我长久困在一场无边无际的虚妄里,清醒沦陷,无力脱身。周遭没有滔天风浪,没有极致惨烈,只有细密丛生的桎梏,无声缠绕着四肢与心神。世人皆踏实地行走于烟火人间,唯独我困在半真半假的境遇中,进退两难,步步受阻,每一次挣扎,都只会触碰到更深的荒芜与刺痛。
旁人看我,一如寻常。朝暮作息,步履平稳,应对人情世故从容有度,看不出半分困顿与狼狈。只有我自己清楚,我的灵魂从未落地,始终悬浮在一片朦胧混沌之中。我像是游离在现实边缘的旁观者,看着人间烟火热烈升腾,看着旁人爱恨坦荡、得失从容,而我始终隔着一层无形的雾霭,无法彻底融入,也无法彻底挣脱。
这场漫长的困顿,始于一场盛大又潦草的相逢。曾与一人倾心相逢,以为是岁岁相守的归途,以为是荒芜岁月的救赎。那段朝夕相伴的时光,温柔又真切,晚风、街巷、闲谈、对视,每一寸光景都滚烫热烈,让我笃定这是余生不变的安稳。我沉溺其中,倾尽真心,把所有期许、所有温柔、所有余生的念想,尽数寄托在这段情愫里。
可世事易碎,好梦难久。短暂的温存过后,只剩仓促的别离,没有铺垫,没有预兆,徒留我停在原地。对方抽身利落,回归寻常生活,岁岁安然,步步新生。唯独我停留在过往的光景里,无法清醒,无法转身。我依旧习惯性描摹旧日的模样,习惯性回想曾经的温柔,习惯性在无数深夜重走一遍旧时的路,反复触碰早已落幕的结局。

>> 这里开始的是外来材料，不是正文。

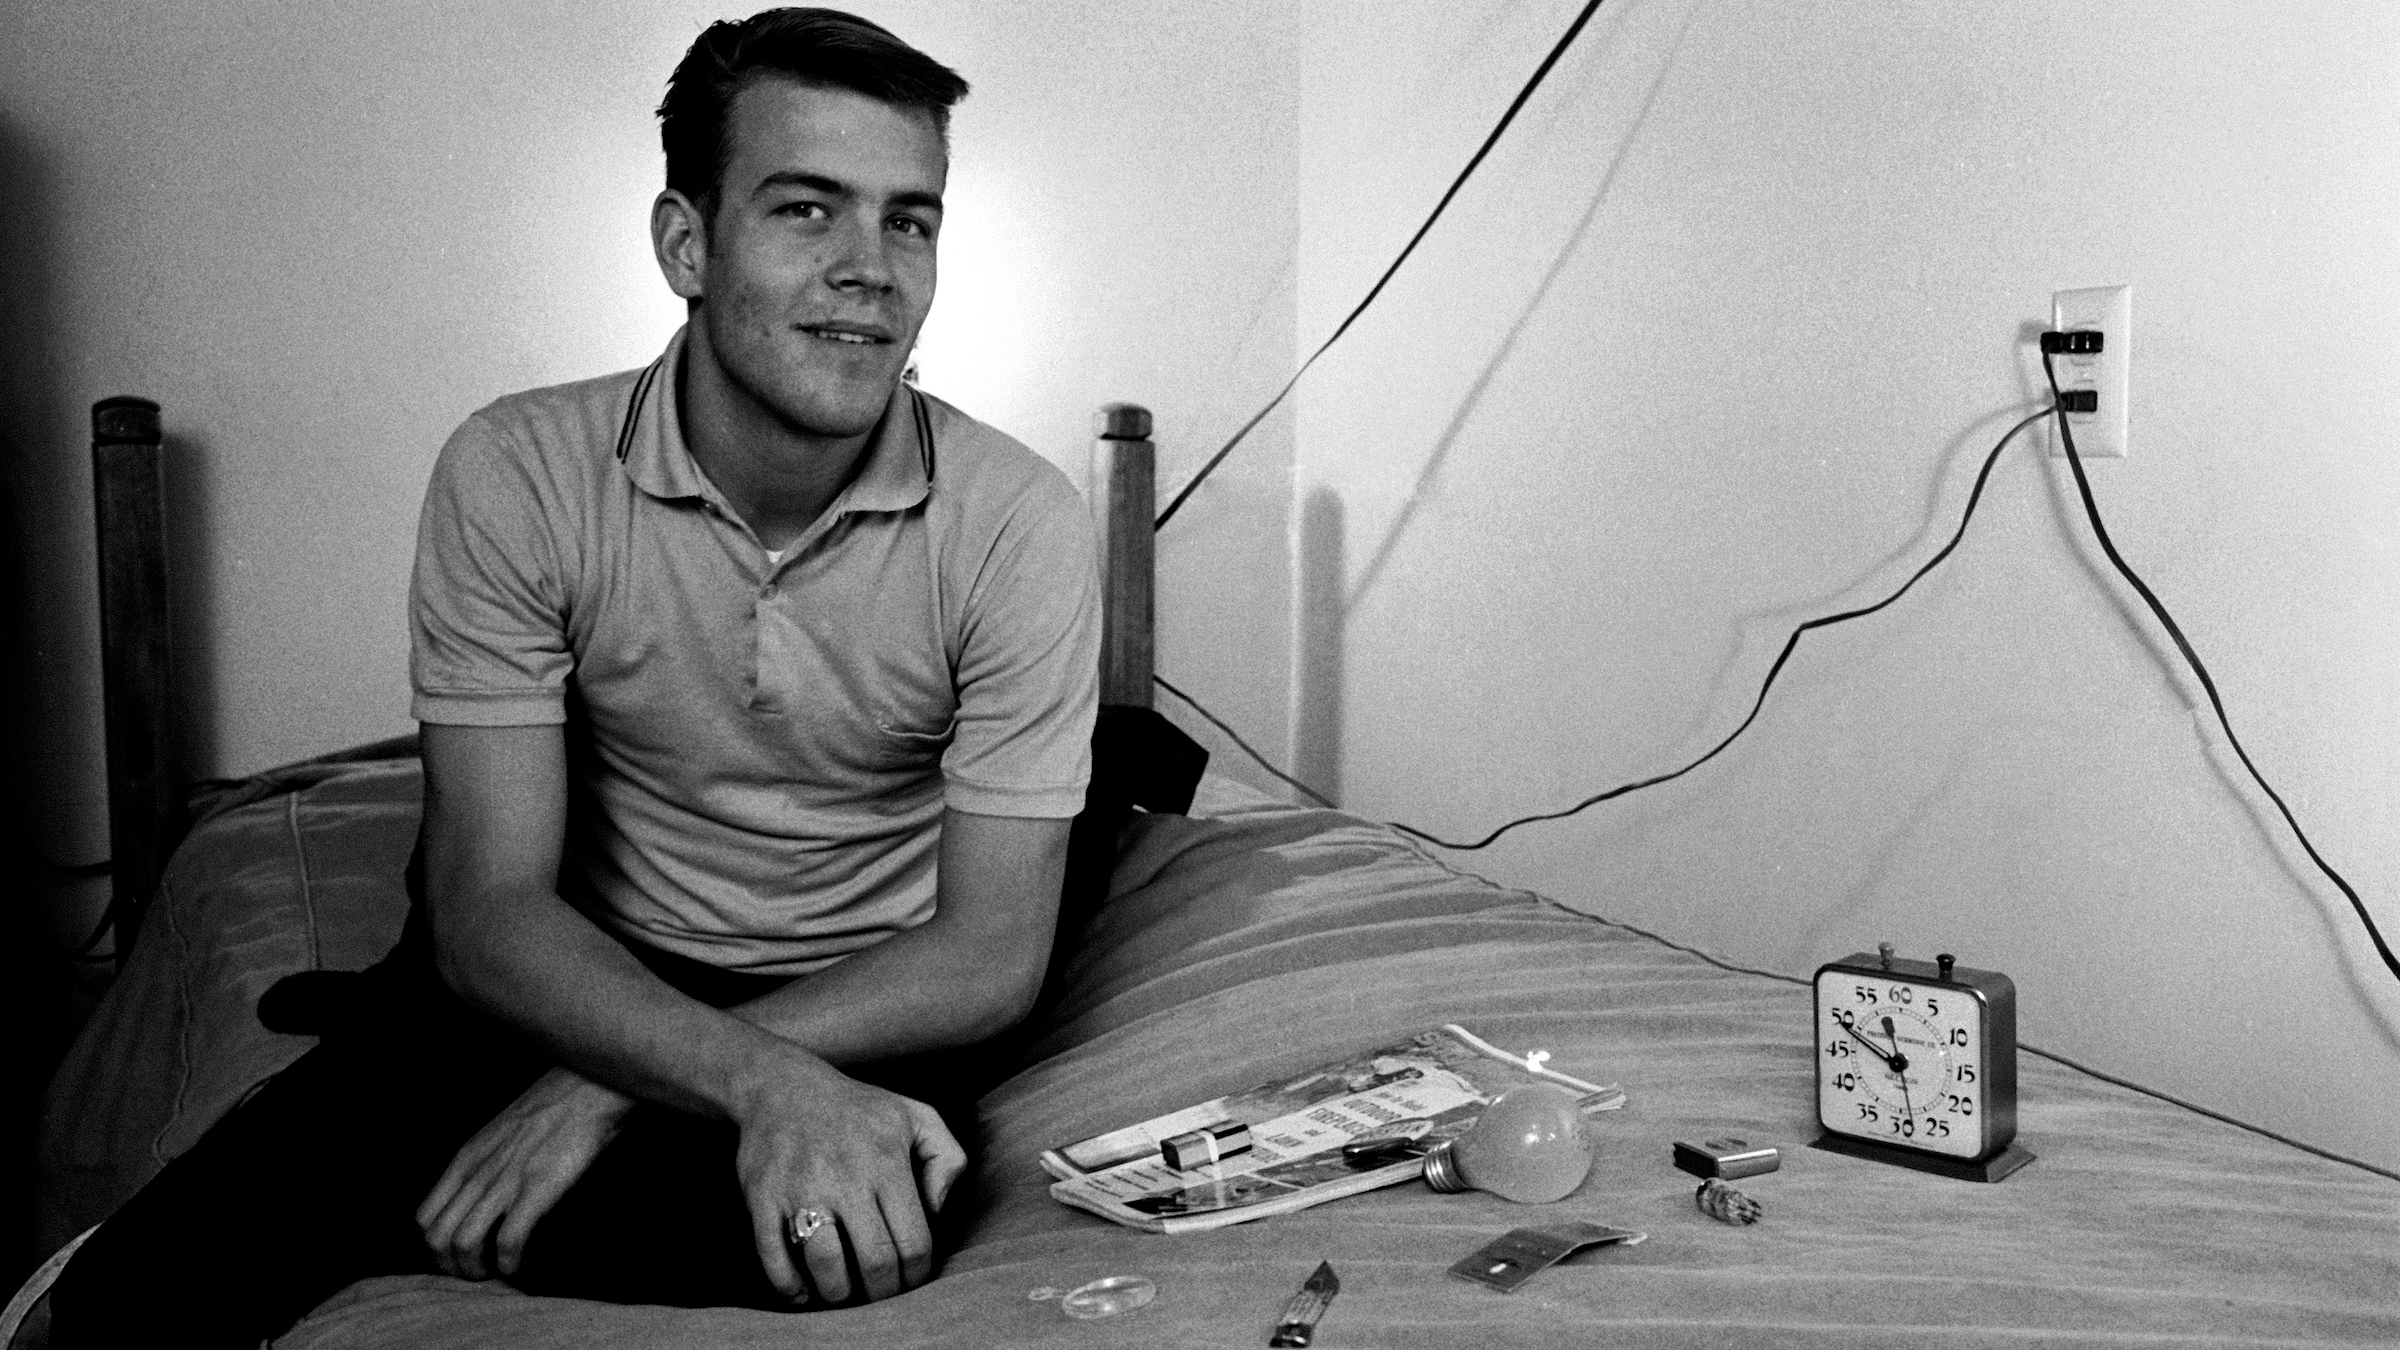 अमेरिकी छात्र रैंडी गार्डनर विभिन्न घरेलू वस्तुओं के बगल में एक बिस्तर पर बैठता है जिसे बाद में नींद की कमी के प्रयोग, सैन डिएगो, कैलिफोर्निया, 1964 के हिस्से के रूप में स्मृति द्वारा पहचानना होगा।

久而久之,过往成了一场醒不来的幻境。现实的风穿不透执念的壁垒,崭新的生活挤不进固化的心境。我试图向前走,试图放下过往,试图接纳新的境遇,可每一次迈步,都有细碎的阻碍横亘身前。那些未圆满的遗憾、未释怀的执念、未落幕的心动,化作无形的荆棘,密密麻麻缠绕在前路,刺破所有试图自愈的勇气。
我试过挣脱,试过清醒,试过与过往握手言和。我删掉留存的碎片,避开熟悉的街巷,戒掉习惯性的念想,逼着自己融入热闹,奔赴新生。可越是刻意挣脱,越是深陷其中。热闹过后是更深的空寂,前行之后是折返的执念,所有的自救都显得苍白徒劳,所有的清醒都只是短暂假象。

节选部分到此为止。